[ English | Japanese ]

Welcome to MFSearcher !

Kazusa Molecular Formula Searcher (MFSearcher) is a RESTful web service for...

  • high-throughput prediction of elemental compositions from accurate mass values detected by high-resolution mass spectrometers.
  • rapid search to the major compound databases, KEGG, PubChem, KNApSAcK, LIPID MAPS, Flavonoid Viewer and HMDB.
  • removing redundancy of the same compounds among the databases by UC2 search.

A Java based GUI tool to search with MFSearcher is available.

Publications:

Sakurai N, Narise T, Sim JS, Lee CM, Ikeda C, Akimoto N and Kanaya S (2018) UC2 search: using unique connectivity of uncharged compounds for metabolite annotation by database searching in mass spectrometry-based metabolomics. Bioinformatics 34: 698-700
[PMID: 29040459]

Sakurai N, Ara T, Kanaya S, Nakamura Y, Iijima Y, Enomoto M, Motegi T, Aoki K, Suzuki H and Shibata D (2013) Application of a relational database system for high-throughput prediction of elemental compositions from accurate mass values. Bioinformatics 29 (2): 290-291
[PMID: 23162084]


URL Change Notice and Request

The hostname in the URL of the MFSearcher service, "webs2.kazusa.or.jp," has been changed to "webs2.kazusa-db.jp". Please update your URL in a link or bookmark, especially if it is used for API accesses. The previous hostname, "webs2.kazusa.or.jp," will expire completely in a certain period of time. See the details on this page.

News

2022/4/4
Data for KNApSAcK were updated.
2022/3/17
Data for HMDB and LIPID MAPS were updated.
2020/2/6
The link URL to KNApSAcK was updated in the MFSearcher Java tool.

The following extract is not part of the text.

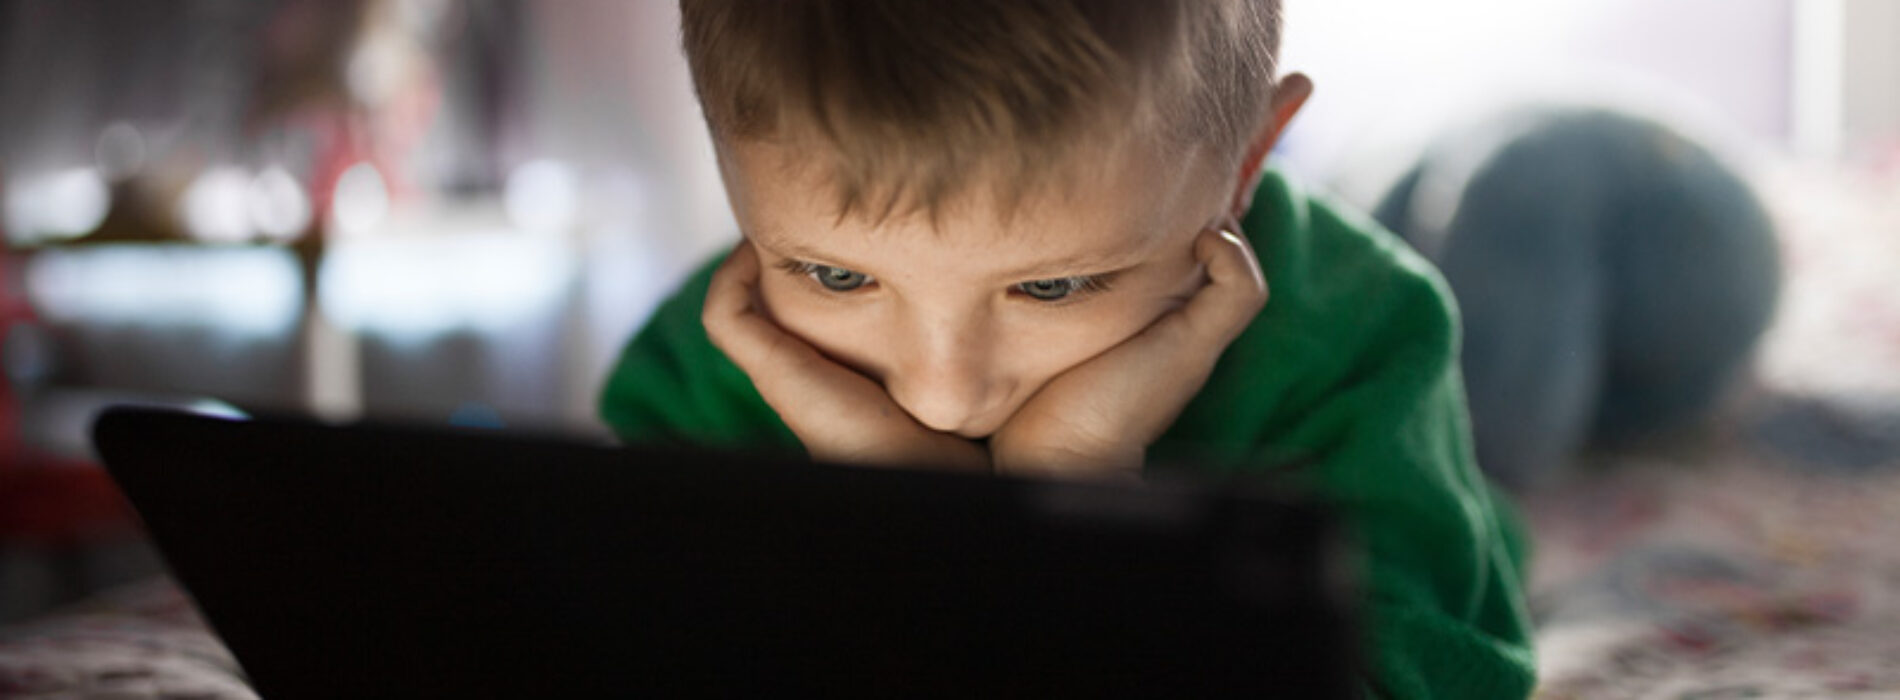 Jak zwiększyć bezpieczeństwo dziecka w grach online?

Details and previous news...

Basic Use

Execution of Search

All the query for MFSearcher is executed as URL access to the MFSearcher server.

Ex.) Click on the following link, or copy & paste the URL into the address field on your browser and press return key to execute the query.

http:// /mfsearcher/exmassdb/range?lowerMs=500&upperMs=500.01

As shown here, the URL is constructed by query information, namely, the target database to search, the searching method, the parameters and their values, and by the symbols connecting them. The results will be returned as text data as follows.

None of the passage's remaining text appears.